Не знаю, что я на самом деле думаю о жизни после смерти. Может, Дэнни действительно получит эти деньги и найдет им применение. А может, он сейчас радостно закидывает мяч в небесное кольцо, паря на ангельских крылышках. Или и то и другое. Лучше перестраховаться.
Я сжигаю деньги, которые складывают мама с папой. Они негромко обсуждают собеседования, которые предстоят ей на следующей неделе. После протеста мама уволилась с работы. Потом, вернувшись домой, тут же пришла в ужас – обычно такая импульсивность ей не свойственна. Но после новостей о нашем протесте она начала получать самые разные предложения о работе. Меня очень радует мысль, что протест поможет ей найти место, где ее будут по-настоящему ценить. Даже мистер Макинтайр предложил ей несколько вакансий, но мама отказалась от его помощи. Она не торопится: хочет выбрать лучшее место. Я ею горжусь.
Меня завораживает дым, поднимающийся над горящей бумагой. Я смотрю, как он вьется в воздухе, пока папа не пододвигается ближе, доставая из кармана две карточки с написанными от руки рецептами.
– Что это у тебя? – Я заглядываю ему через плечо.
– Копии рецепта фирменных пельменей
– Уж кто-кто, а Чэни точно смогут найти друг друга благодаря еде, – усмехаюсь я.
– Да, для того мы и привезли побольше еды, чтобы Джо тоже досталось. Пусть перекусят вместе. Хотя Дэнни вряд ли захочет делиться бургером.
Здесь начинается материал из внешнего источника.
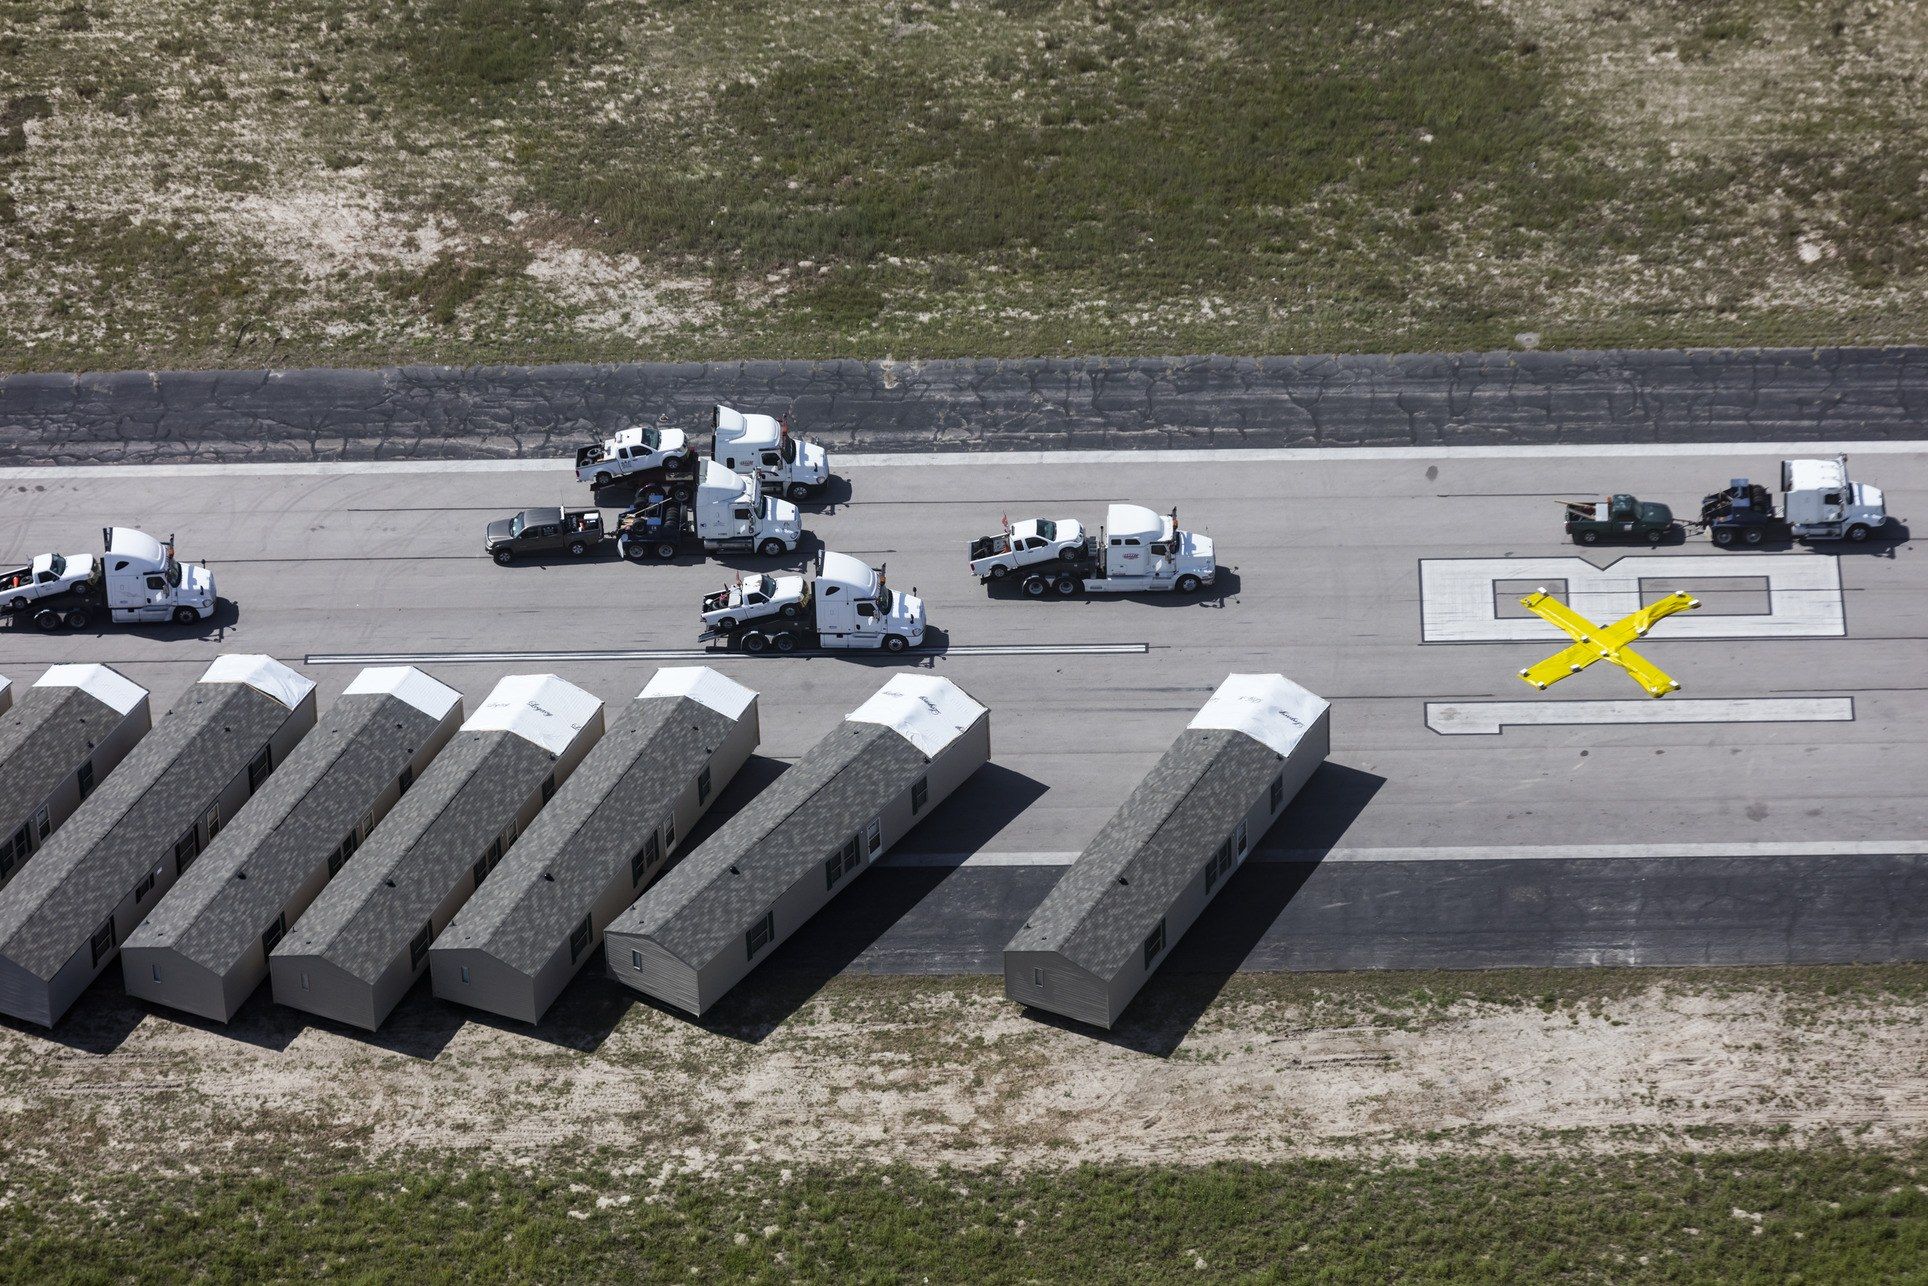 After Hurricane Harvey struck, the north-south runaway at Rockport's Aransas County Airport was converted into a staging area for recovery efforts, first as a lot for utility trucks and then for mobile homes brought in by FEMA to temporarily replace destroyed buildings. Image by Alex MacLean. United States, 2017.

– В следующий раз привезем для дяди Джо еще один бургер. Ой! Чуть не забыла! – Я встаю, хватаю рюкзак и достаю крохотные КТ3 и мячик, который я тоже сложила из бумаги и раскрасила, как баскетбольный мяч. Я поджигаю мячик и смотрю, как вспыхивает на краю яркая оранжевая искра. Бумага загорается и сворачивается, пожираемая пламенем. Я шепчу:
– Может, на небесах тебе снова захочется сыграть,
– Что это? – Папа поднимает взгляд и замечает горящий мячик.
– Да так, сделала кое-что для Дэнни, – смущенно говорю я.
– Это что, баскетбольный мяч? – Он кладет деньги и наклоняется, чтобы разглядеть получше. Потом видит миниатюрные кроссовки. – Неужели КТ3?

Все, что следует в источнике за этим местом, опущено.